Going back to the article that started this line of thinking, there was a discussion of the students responses.  Many felt that marriage, having children, and home ownership were markers of adulthood.  I can certainly understand that, we’ve been raised by a generation that often followed a very clear life path, fit a certain mold, and taught us to do so as well.  I don’t remember a time where I didn’t just “know” that you were supposed to go to school, get into a good college, graduate, get married, buy a house, and manifest a few loin spawn to raise who would do it all over again.  There is a script to this, one many people in my generation haven’t been able to follow, or have decided to toss to the wind as we make our own path.  Which does explain why many of us are left not feeling like adults as we enter our 20s and 30s.
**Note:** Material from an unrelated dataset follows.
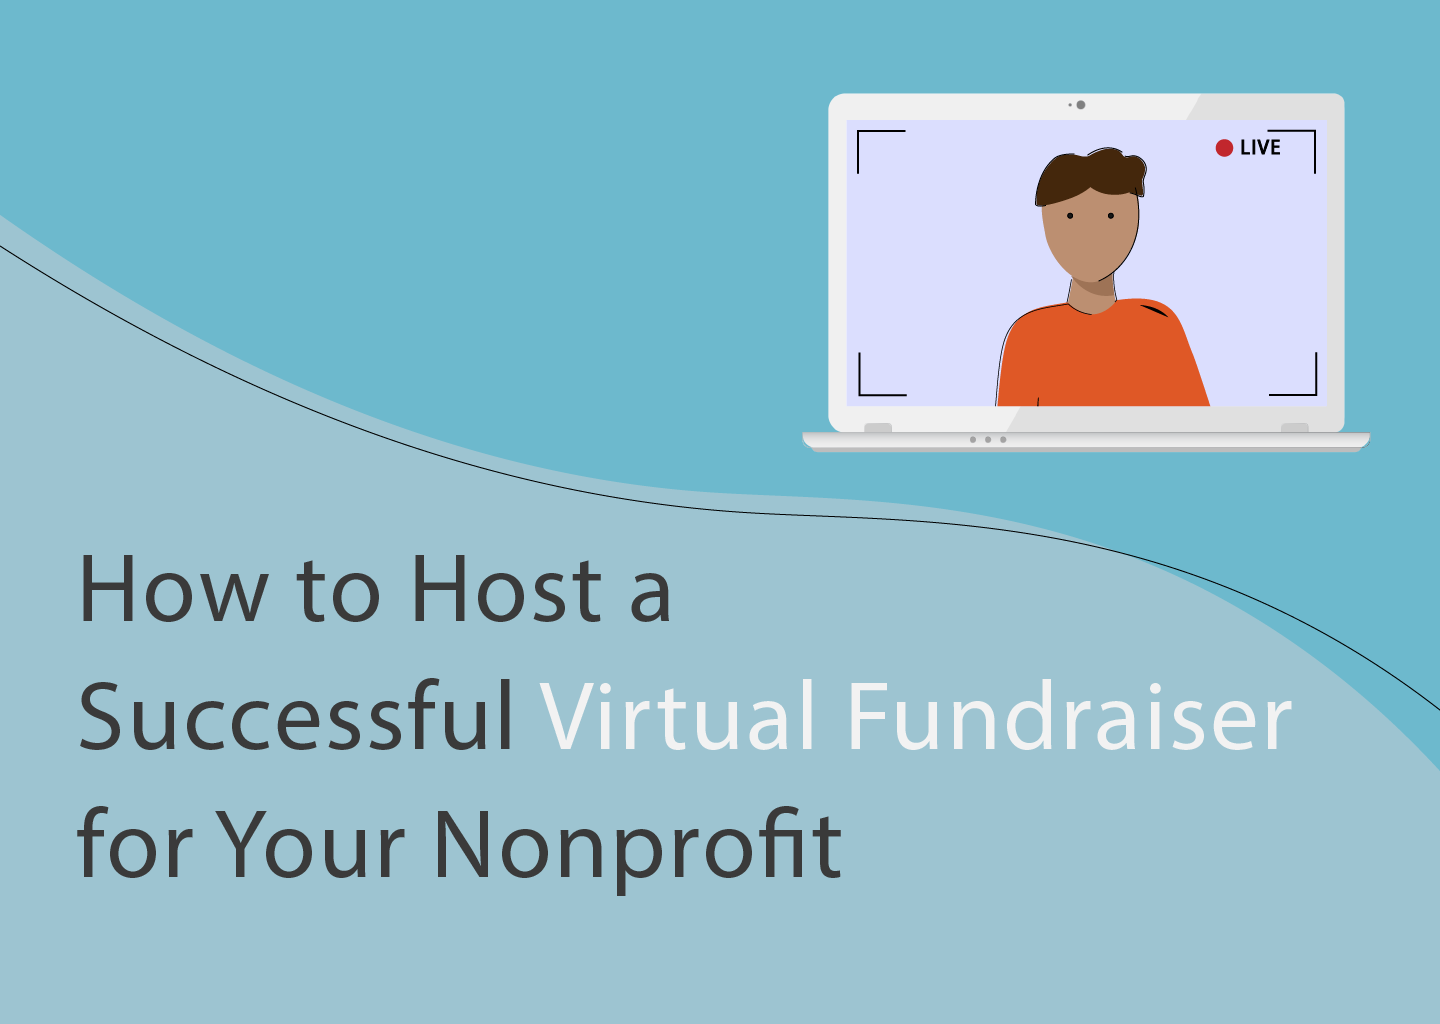 How To Plan a Successful Virtual Fundraiser for your Nonprofit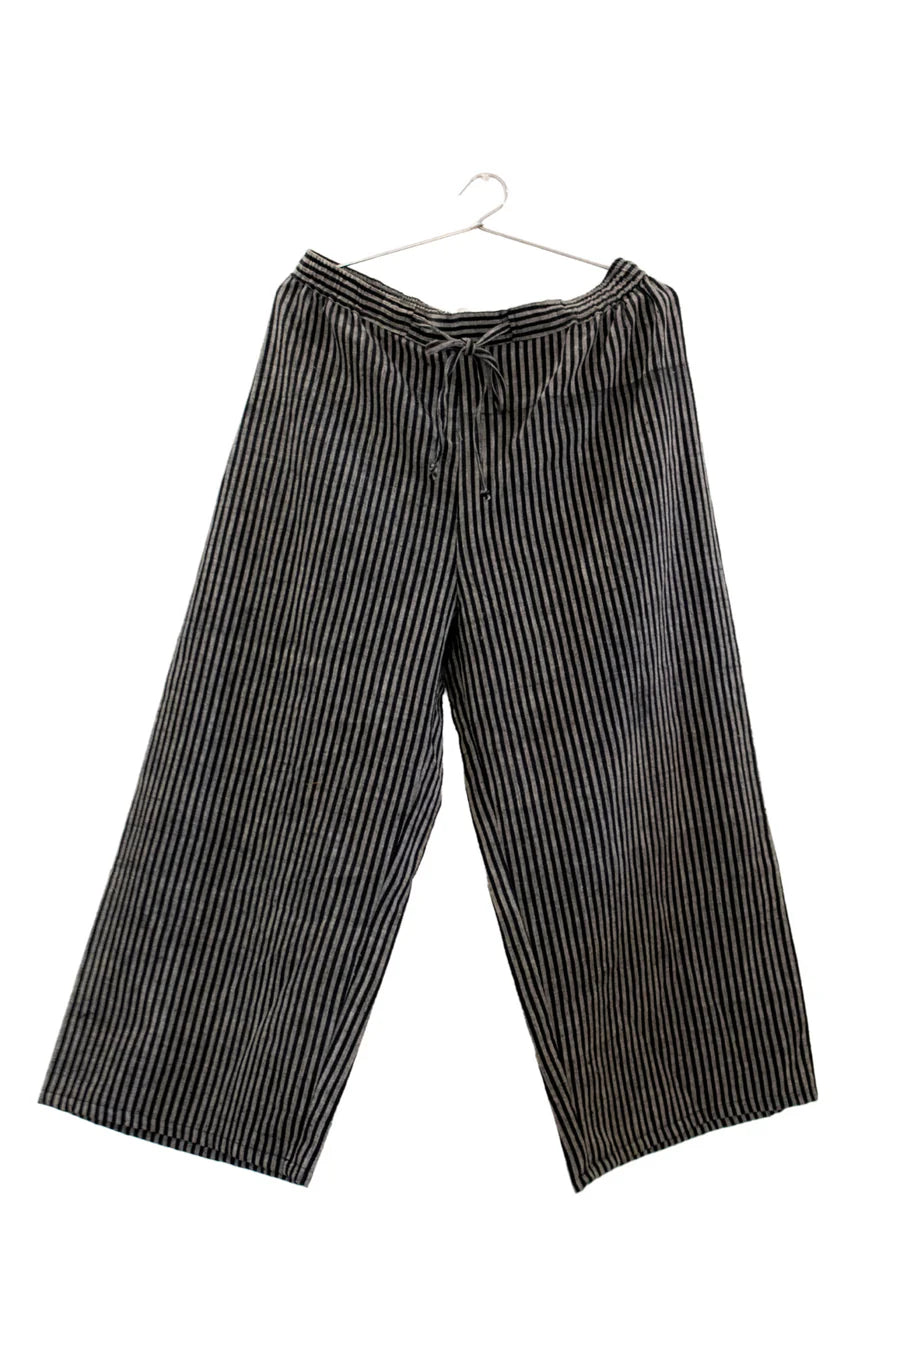 Black Striped Pants by Araayeh with Artisan Made, Black, Casual Wear, Handwoven Cotton, Pants, Relaxed Fit, Stripes at Kamakhyaa for sustainable fashion

It is interesting, because many of the Millennials I know spend more time focusing on traits mentioned in the psychological articles on what makes an adult, than members of earlier generations I know.  That is of course not a conclusive study, just my personal experience.  Many of us suffer from mental illness, often times created by or exacerbated by our circumstances.  We are treated as children by the media and by older generations, accused of destroying industries when we don’t buy into consumerism.  We bought into the dream of college opening all doors to success in life and graduate with bachelors  degrees and 60k in debt, only to find our only job option is to be a manager at a Papa Johns unless we want to get even more in debt for a higher degree.   We put off marriage and having children because we can’t afford it, or we choose different ways of relationshipping or to be childfree because we recognize that we don’t actually have to fit every mold they made for us.  We find the middle class we aspired to has all but disappeared, so we work two jobs and still need food stamps to get by.  Then we wonder why we suffer from depression and anxiety in such high numbers.  We learn rationality because we have to fight irrational systems of oppression and crumbling aged lawmakers who refuse to understand that we are more interested in being allowed to express our love regardless of gender and make sure every town has clean water, then we are in corporations getting more tax cuts.  We learn to be open and non-defensive because we have to nurture each other and promote self care every day and across social media platforms or in person with our friends, because we have to wonder how many more friends we’ll lose to suicide this coming year.  This isn’t true of everyone in my generation, but its what I see growing around me in my small communities and in the thousands I connect with through online platforms every day.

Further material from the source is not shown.